What is expected: Could you restate the whole listing below word for word, minus the pictures?

Supplied data:
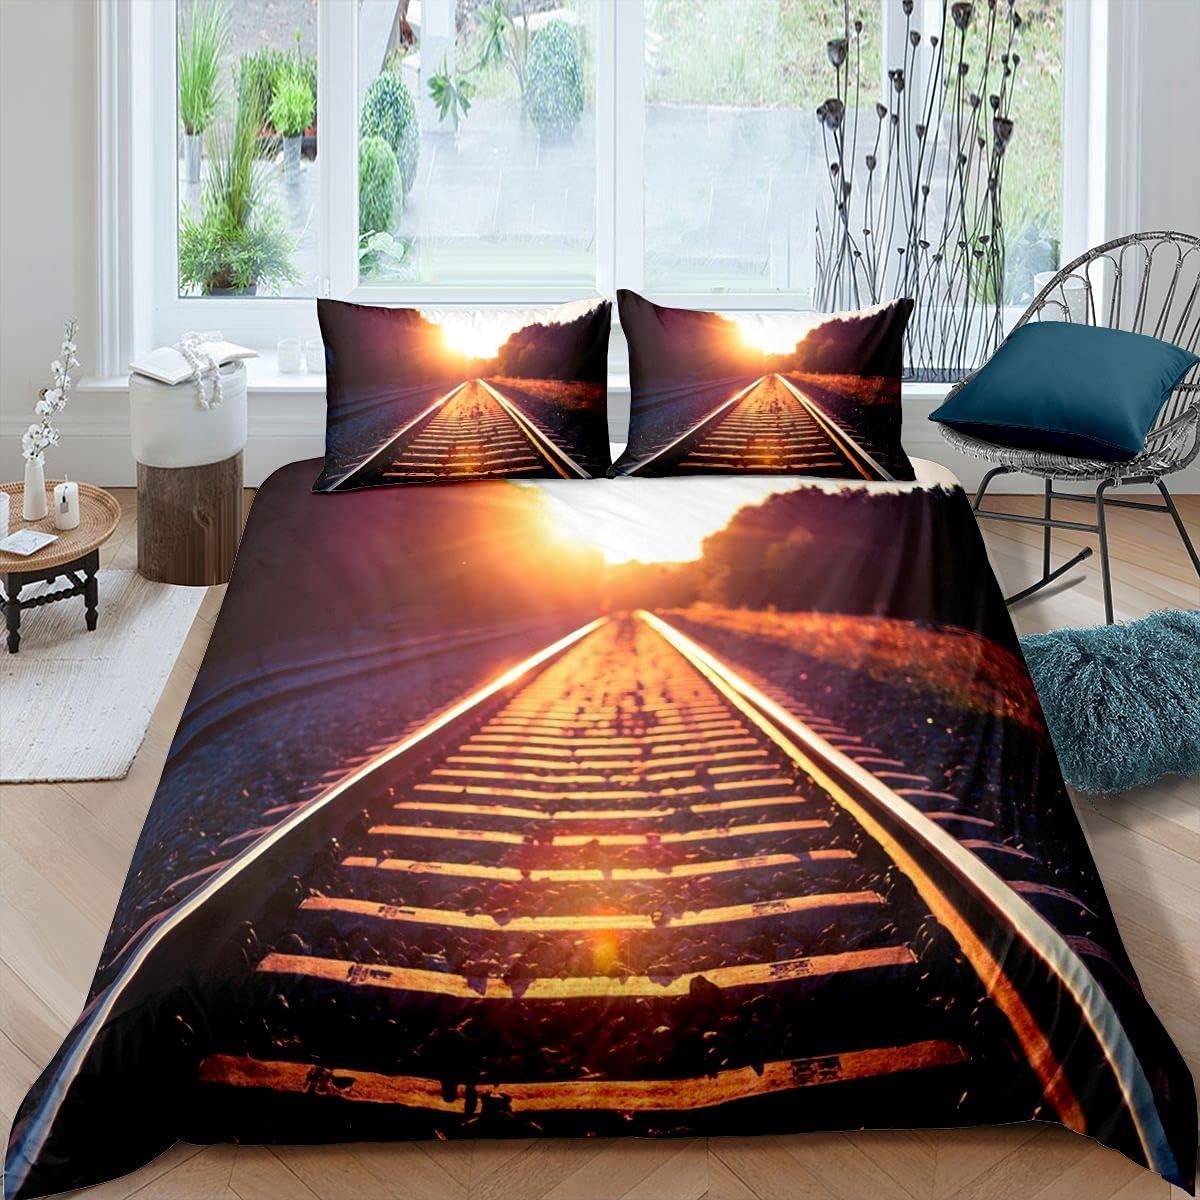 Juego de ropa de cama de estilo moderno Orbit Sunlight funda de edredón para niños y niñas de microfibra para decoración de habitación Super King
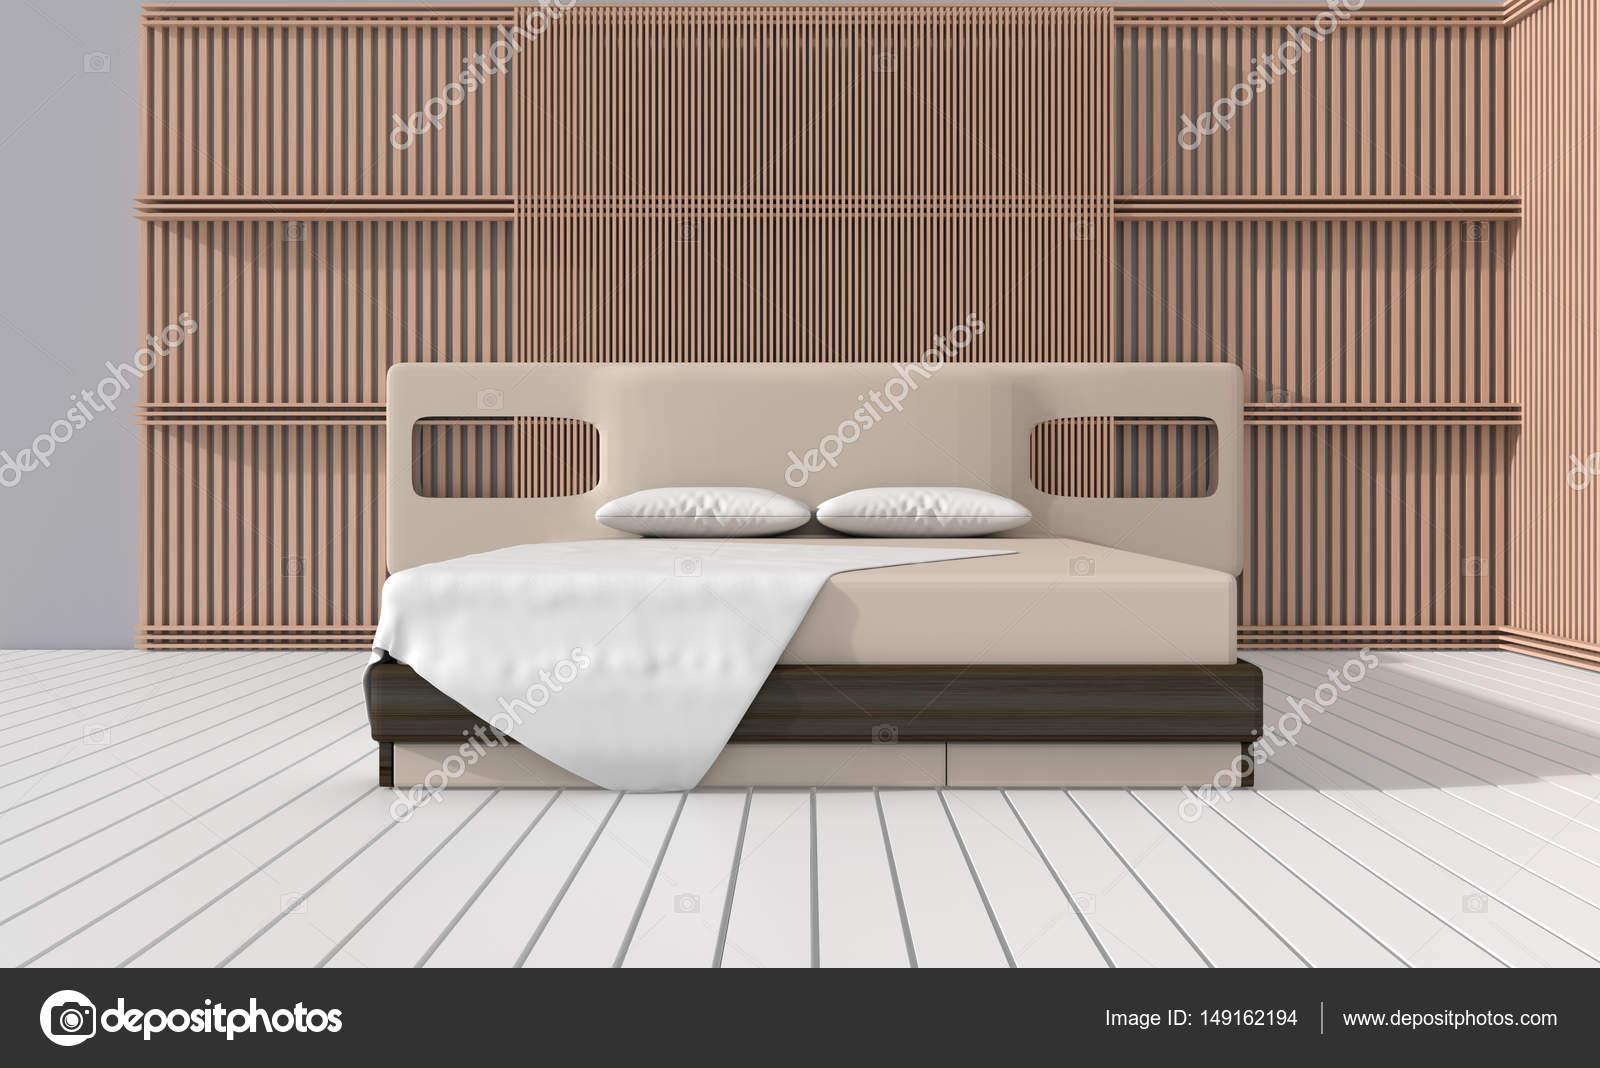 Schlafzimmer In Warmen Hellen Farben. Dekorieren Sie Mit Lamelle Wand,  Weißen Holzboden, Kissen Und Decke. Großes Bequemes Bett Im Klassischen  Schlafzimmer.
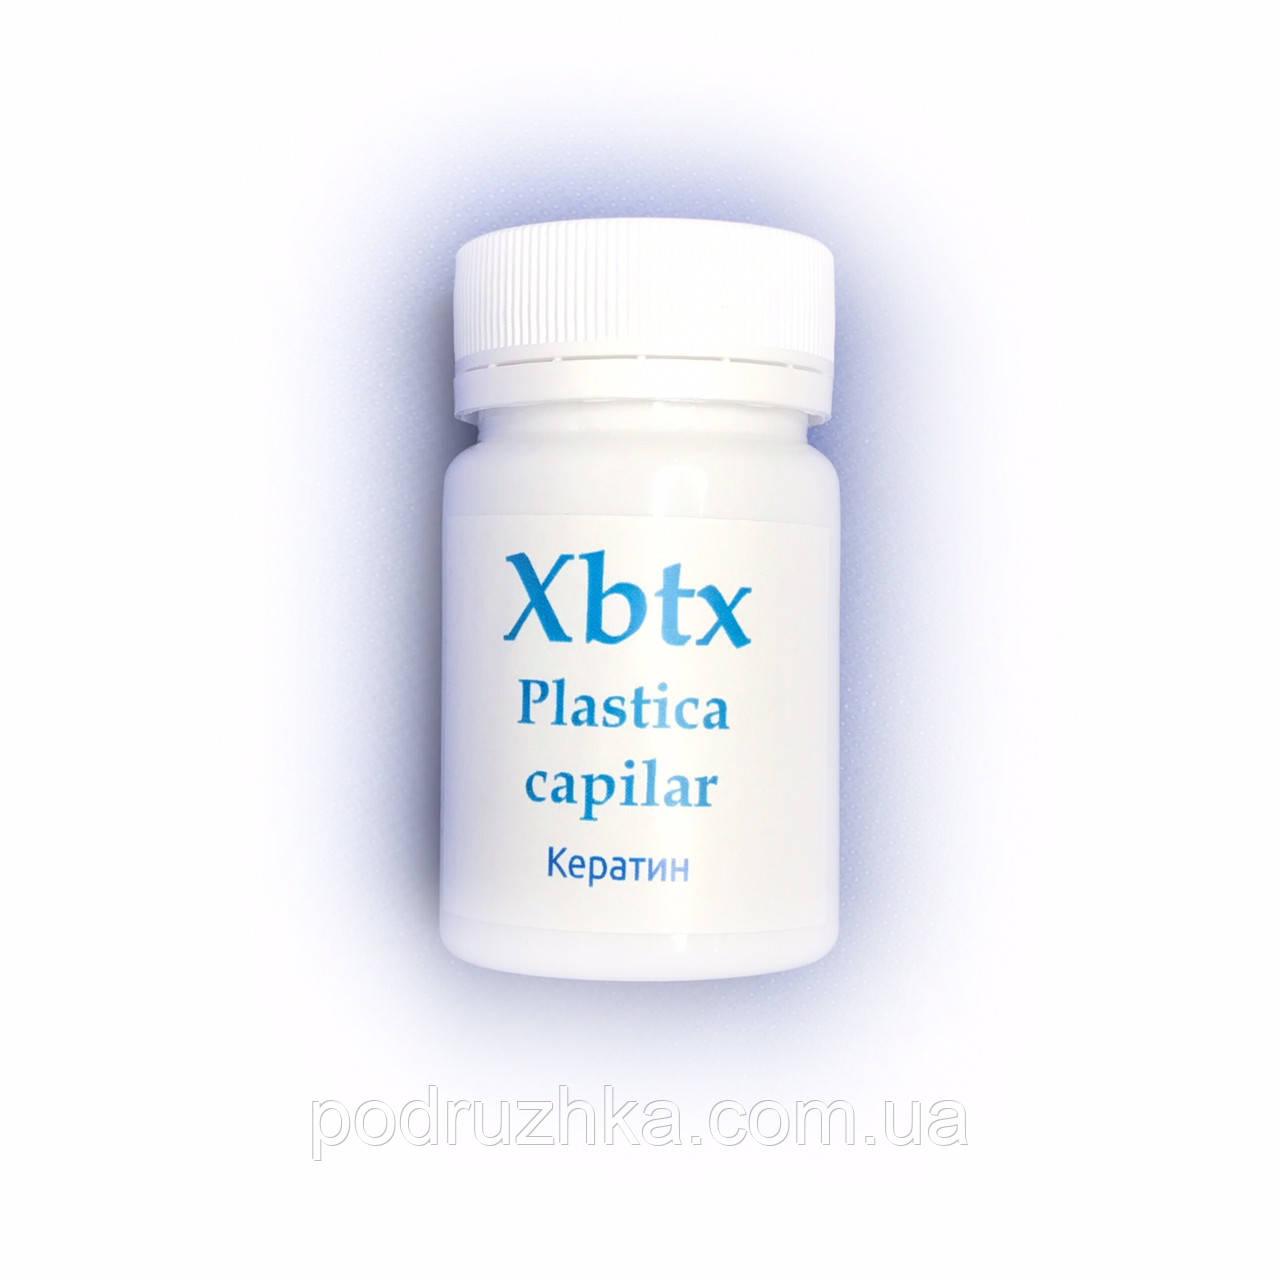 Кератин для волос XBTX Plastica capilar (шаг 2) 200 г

Task output:
 Juego de ropa de cama de estilo moderno Orbit Sunlight funda de edredón para niños y niñas de microfibra para decoración de habitación Super King
 Schlafzimmer In Warmen Hellen Farben. Dekorieren Sie Mit Lamelle Wand,  Weißen Holzboden, Kissen Und Decke. Großes Bequemes Bett Im Klassischen  Schlafzimmer.
 Кератин для волос XBTX Plastica capilar (шаг 2) 200 г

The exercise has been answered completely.